As for the common name, black snakeroot, black refers to the color of the rhizome, while snakeroot reflects its historical use as a cure for rattlesnake bite. This is indeed a medicinal plant, called "black cohosh" in medical/healing circles. The roots and rhizomes are particularly known for their effectiveness treating symptoms of menopause and PMS. According to the University of Maryland Medical Center's page, “More than two centuries ago, Native Americans discovered that the root of the black cohosh plant … helped relieve menstrual cramps and menopausal symptoms, such as hot flashes, irritability, mood swings, and sleep disturbances.”

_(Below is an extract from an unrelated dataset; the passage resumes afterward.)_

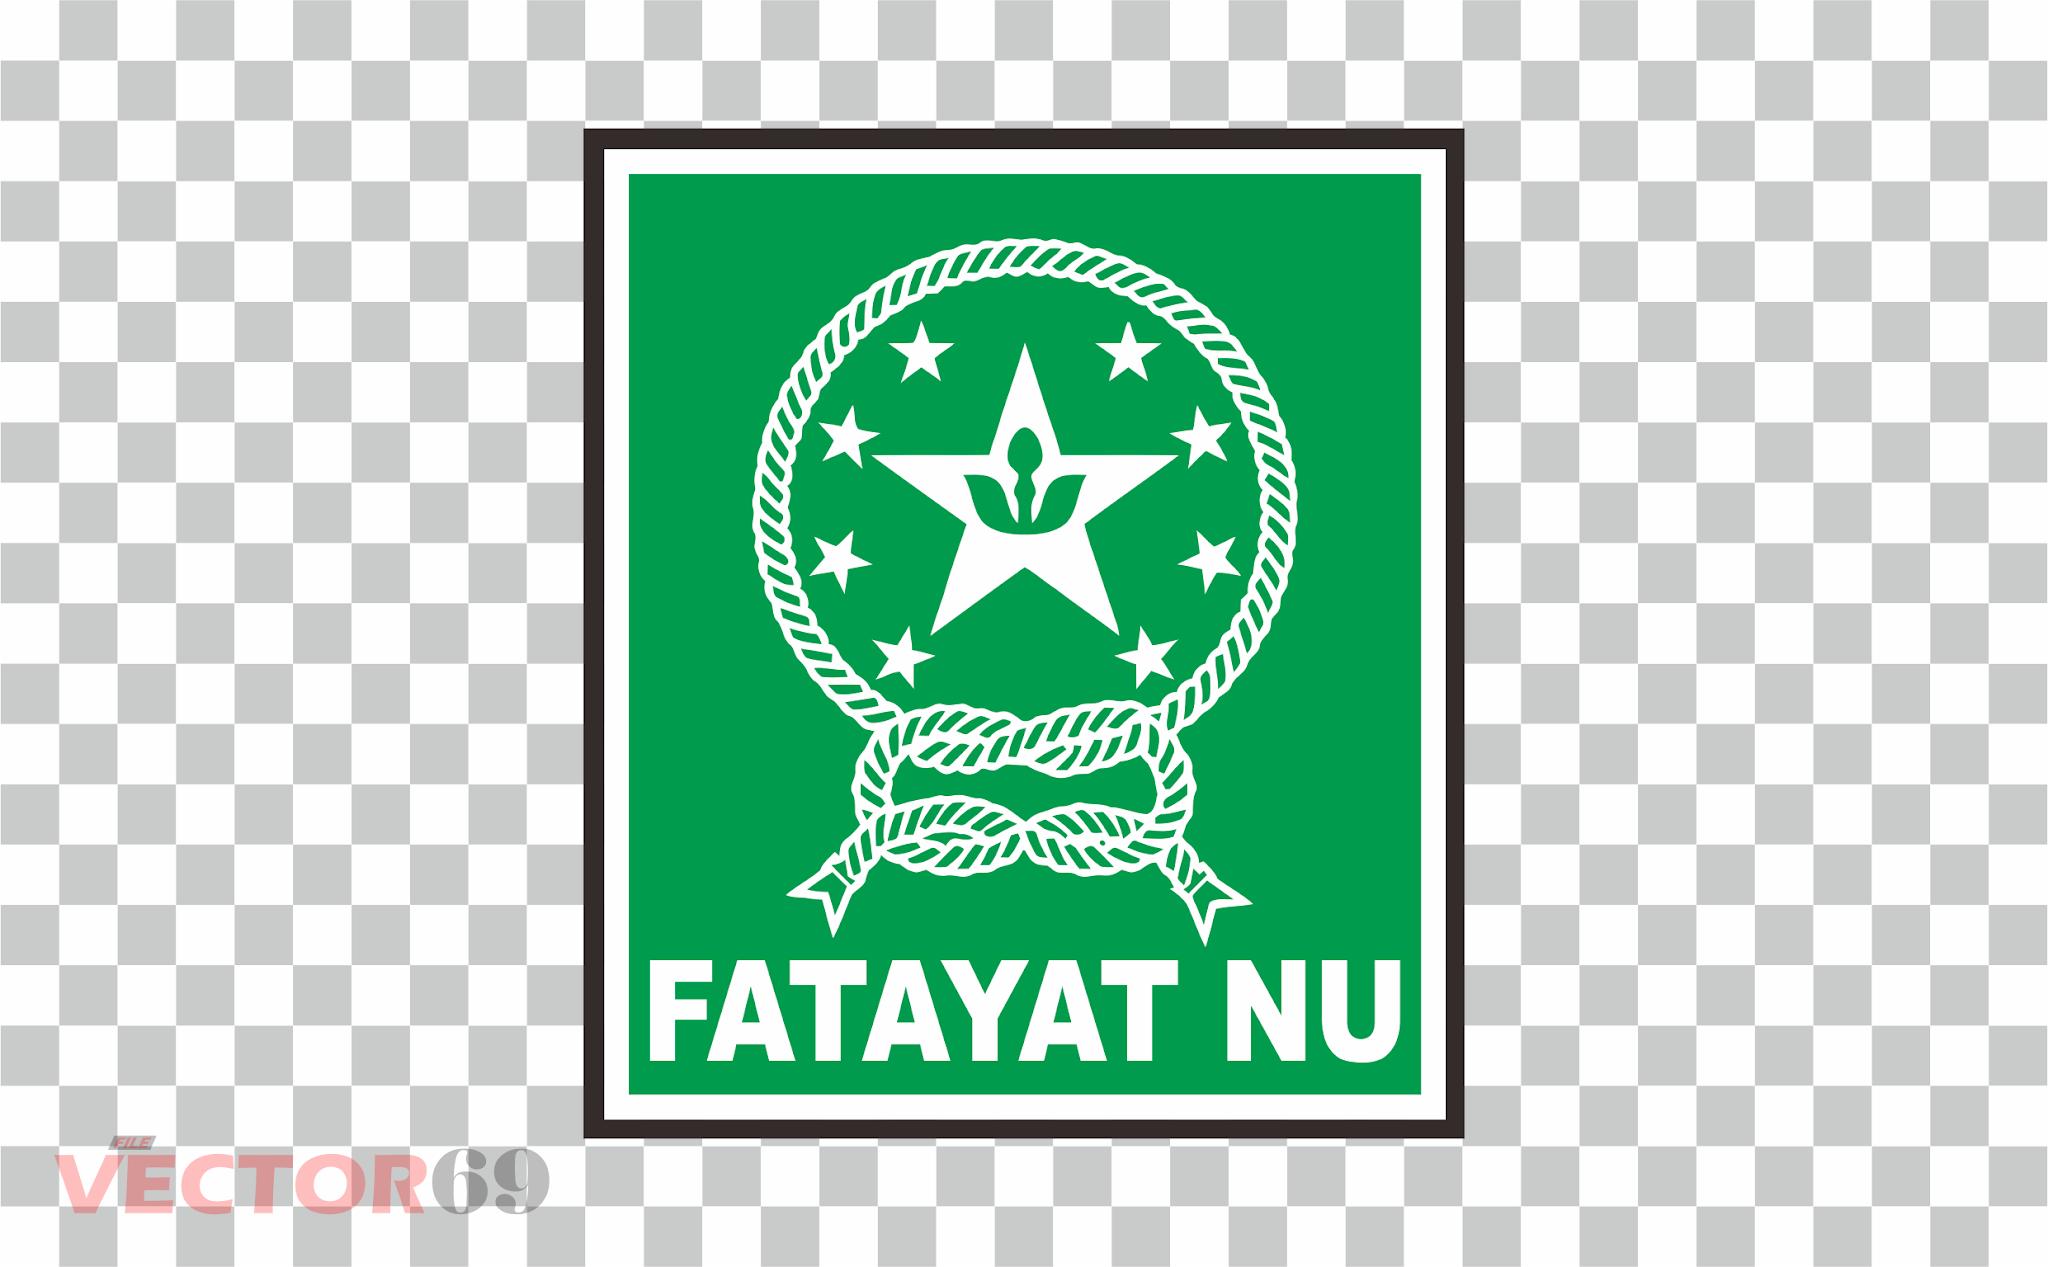 Fatayat NU Logo - Download Vector File PNG (Portable Network Graphics)

(Hmm, maybe I should done some digging and harvested some while I had the chance …)

Cohosh, by the way, is an Indian name used for medicinal plants, but the original meaning is unknown, as far as I can tell.

So, when and where can you find black snakeroot? I’ve already mentioned that it’s a summer wildflower that grows late June through August. You can find it in the rich woods of the Appalachians west to the Ozarks and north to the Great Lakes. You might find growing naturally as far northeast as western Massachusetts, but it's rare in New England. Because of its beauty and medicinal uses, it’s cultivated in various places, and it also springs up in cleared areas, on wooded hillsides, and in woodland pastures. It's most common in Pennsylvania, Ohio, and West Virginia. Black snakeroot is hard to miss; in addition to the noticeable flowers, the stem can grow four to eight feet high!

You’re not likely to see this flower anytime soon, though, and neither am I; August is past, and only the must stubborn of last summer wildflowers are still hanging around. I’ll keep an eye out for it on next summer’s hikes, though … and take a whiff when I get the chance!

References:

EmpoweringSites.com. n.d. EnhanceMyVocabulary.com. Accessed September 10, 2016. http://www.enhancemyvocabulary.com/word-roots_latin_6.html.


Kress, Henriette. n.d. Henriette's Herbs. Accessed September 10, 2016. http://www.henriettes-herb.com/eclectic/dmna/cimicifuga.html.


Land, Leslie. 2010. Leslie Land In Kitchen and Garden. September 9. Accessed September 10, 2016. http://leslieland.com/2010/09/cimicifuga-actaea-snakeroot-bugbane-no-matter-what-you-call-it-i-love-it/.


Newcomb, Lawrence. 1989. Newcomb's Wildflower Guide. Boston: Little, Brown and Company.